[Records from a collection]

-----

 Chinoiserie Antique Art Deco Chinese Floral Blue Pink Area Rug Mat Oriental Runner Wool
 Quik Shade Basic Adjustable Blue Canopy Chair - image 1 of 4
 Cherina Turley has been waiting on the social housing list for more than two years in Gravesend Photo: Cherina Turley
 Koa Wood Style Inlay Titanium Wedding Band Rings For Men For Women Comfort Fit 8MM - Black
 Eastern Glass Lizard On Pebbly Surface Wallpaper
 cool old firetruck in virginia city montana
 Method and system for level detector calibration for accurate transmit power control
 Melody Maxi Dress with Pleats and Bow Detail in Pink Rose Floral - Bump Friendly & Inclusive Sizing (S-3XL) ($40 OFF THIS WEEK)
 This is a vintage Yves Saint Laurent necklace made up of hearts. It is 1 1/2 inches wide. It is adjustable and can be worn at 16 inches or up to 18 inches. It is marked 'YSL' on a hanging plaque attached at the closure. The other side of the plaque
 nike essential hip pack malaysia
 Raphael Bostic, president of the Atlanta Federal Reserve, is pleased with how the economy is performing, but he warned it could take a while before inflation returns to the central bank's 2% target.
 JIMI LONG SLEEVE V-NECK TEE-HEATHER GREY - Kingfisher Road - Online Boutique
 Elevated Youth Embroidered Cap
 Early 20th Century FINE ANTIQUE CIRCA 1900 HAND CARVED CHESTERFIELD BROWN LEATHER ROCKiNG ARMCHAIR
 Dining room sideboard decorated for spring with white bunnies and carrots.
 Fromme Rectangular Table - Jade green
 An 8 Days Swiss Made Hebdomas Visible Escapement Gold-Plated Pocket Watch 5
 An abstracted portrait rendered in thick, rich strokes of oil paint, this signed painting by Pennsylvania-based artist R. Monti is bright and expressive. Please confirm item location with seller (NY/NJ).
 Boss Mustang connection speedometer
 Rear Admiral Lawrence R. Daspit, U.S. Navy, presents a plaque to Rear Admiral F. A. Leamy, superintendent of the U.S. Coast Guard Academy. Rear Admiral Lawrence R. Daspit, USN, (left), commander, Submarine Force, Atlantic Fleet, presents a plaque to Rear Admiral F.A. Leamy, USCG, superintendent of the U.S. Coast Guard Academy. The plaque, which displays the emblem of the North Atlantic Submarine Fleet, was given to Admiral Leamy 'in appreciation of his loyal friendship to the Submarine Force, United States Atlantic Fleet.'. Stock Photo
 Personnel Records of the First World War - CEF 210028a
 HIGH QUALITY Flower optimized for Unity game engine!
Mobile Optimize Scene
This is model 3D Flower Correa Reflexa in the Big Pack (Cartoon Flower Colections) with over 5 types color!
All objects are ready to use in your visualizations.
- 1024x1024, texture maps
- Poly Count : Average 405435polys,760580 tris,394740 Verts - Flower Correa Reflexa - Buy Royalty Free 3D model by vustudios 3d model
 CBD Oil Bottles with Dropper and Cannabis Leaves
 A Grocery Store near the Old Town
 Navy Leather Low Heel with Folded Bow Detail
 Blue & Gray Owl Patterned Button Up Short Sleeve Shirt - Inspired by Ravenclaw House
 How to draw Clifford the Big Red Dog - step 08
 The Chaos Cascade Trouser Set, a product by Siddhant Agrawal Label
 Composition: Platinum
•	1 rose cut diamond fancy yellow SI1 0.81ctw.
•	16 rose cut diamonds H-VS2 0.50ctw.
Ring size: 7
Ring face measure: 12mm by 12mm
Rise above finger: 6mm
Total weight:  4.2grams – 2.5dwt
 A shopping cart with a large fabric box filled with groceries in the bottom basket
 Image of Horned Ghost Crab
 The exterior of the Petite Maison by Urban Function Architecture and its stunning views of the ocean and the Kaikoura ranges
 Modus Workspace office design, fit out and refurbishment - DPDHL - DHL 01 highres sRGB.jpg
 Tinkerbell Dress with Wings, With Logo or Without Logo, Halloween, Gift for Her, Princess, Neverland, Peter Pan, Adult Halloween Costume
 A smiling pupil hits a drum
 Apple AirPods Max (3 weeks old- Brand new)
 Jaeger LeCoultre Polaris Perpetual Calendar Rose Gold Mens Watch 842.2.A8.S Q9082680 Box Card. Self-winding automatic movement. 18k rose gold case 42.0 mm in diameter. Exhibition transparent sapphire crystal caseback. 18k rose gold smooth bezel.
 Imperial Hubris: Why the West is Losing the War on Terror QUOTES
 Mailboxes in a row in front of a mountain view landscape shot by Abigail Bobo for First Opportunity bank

-----

# Goal of the exercise
Would you write out the full set of records above without alteration?

# Response to this exercise
 Chinoiserie Antique Art Deco Chinese Floral Blue Pink Area Rug Mat Oriental Runner Wool
 Quik Shade Basic Adjustable Blue Canopy Chair - image 1 of 4
 Cherina Turley has been waiting on the social housing list for more than two years in Gravesend Photo: Cherina Turley
 Koa Wood Style Inlay Titanium Wedding Band Rings For Men For Women Comfort Fit 8MM - Black
 Eastern Glass Lizard On Pebbly Surface Wallpaper
 cool old firetruck in virginia city montana
 Method and system for level detector calibration for accurate transmit power control
 Melody Maxi Dress with Pleats and Bow Detail in Pink Rose Floral - Bump Friendly & Inclusive Sizing (S-3XL) ($40 OFF THIS WEEK)
 This is a vintage Yves Saint Laurent necklace made up of hearts. It is 1 1/2 inches wide. It is adjustable and can be worn at 16 inches or up to 18 inches. It is marked 'YSL' on a hanging plaque attached at the closure. The other side of the plaque
 nike essential hip pack malaysia
 Raphael Bostic, president of the Atlanta Federal Reserve, is pleased with how the economy is performing, but he warned it could take a while before inflation returns to the central bank's 2% target.
 JIMI LONG SLEEVE V-NECK TEE-HEATHER GREY - Kingfisher Road - Online Boutique
 Elevated Youth Embroidered Cap
 Early 20th Century FINE ANTIQUE CIRCA 1900 HAND CARVED CHESTERFIELD BROWN LEATHER ROCKiNG ARMCHAIR
 Dining room sideboard decorated for spring with white bunnies and carrots.
 Fromme Rectangular Table - Jade green
 An 8 Days Swiss Made Hebdomas Visible Escapement Gold-Plated Pocket Watch 5
 An abstracted portrait rendered in thick, rich strokes of oil paint, this signed painting by Pennsylvania-based artist R. Monti is bright and expressive. Please confirm item location with seller (NY/NJ).
 Boss Mustang connection speedometer
 Rear Admiral Lawrence R. Daspit, U.S. Navy, presents a plaque to Rear Admiral F. A. Leamy, superintendent of the U.S. Coast Guard Academy. Rear Admiral Lawrence R. Daspit, USN, (left), commander, Submarine Force, Atlantic Fleet, presents a plaque to Rear Admiral F.A. Leamy, USCG, superintendent of the U.S. Coast Guard Academy. The plaque, which displays the emblem of the North Atlantic Submarine Fleet, was given to Admiral Leamy 'in appreciation of his loyal friendship to the Submarine Force, United States Atlantic Fleet.'. Stock Photo
 Personnel Records of the First World War - CEF 210028a
 HIGH QUALITY Flower optimized for Unity game engine!
Mobile Optimize Scene
This is model 3D Flower Correa Reflexa in the Big Pack (Cartoon Flower Colections) with over 5 types color!
All objects are ready to use in your visualizations.
- 1024x1024, texture maps
- Poly Count : Average 405435polys,760580 tris,394740 Verts - Flower Correa Reflexa - Buy Royalty Free 3D model by vustudios 3d model
 CBD Oil Bottles with Dropper and Cannabis Leaves
 A Grocery Store near the Old Town
 Navy Leather Low Heel with Folded Bow Detail
 Blue & Gray Owl Patterned Button Up Short Sleeve Shirt - Inspired by Ravenclaw House
 How to draw Clifford the Big Red Dog - step 08
 The Chaos Cascade Trouser Set, a product by Siddhant Agrawal Label
 Composition: Platinum
•	1 rose cut diamond fancy yellow SI1 0.81ctw.
•	16 rose cut diamonds H-VS2 0.50ctw.
Ring size: 7
Ring face measure: 12mm by 12mm
Rise above finger: 6mm
Total weight:  4.2grams – 2.5dwt
 A shopping cart with a large fabric box filled with groceries in the bottom basket
 Image of Horned Ghost Crab
 The exterior of the Petite Maison by Urban Function Architecture and its stunning views of the ocean and the Kaikoura ranges
 Modus Workspace office design, fit out and refurbishment - DPDHL - DHL 01 highres sRGB.jpg
 Tinkerbell Dress with Wings, With Logo or Without Logo, Halloween, Gift for Her, Princess, Neverland, Peter Pan, Adult Halloween Costume
 A smiling pupil hits a drum
 Apple AirPods Max (3 weeks old- Brand new)
 Jaeger LeCoultre Polaris Perpetual Calendar Rose Gold Mens Watch 842.2.A8.S Q9082680 Box Card. Self-winding automatic movement. 18k rose gold case 42.0 mm in diameter. Exhibition transparent sapphire crystal caseback. 18k rose gold smooth bezel.
 Imperial Hubris: Why the West is Losing the War on Terror QUOTES
 Mailboxes in a row in front of a mountain view landscape shot by Abigail Bobo for First Opportunity bank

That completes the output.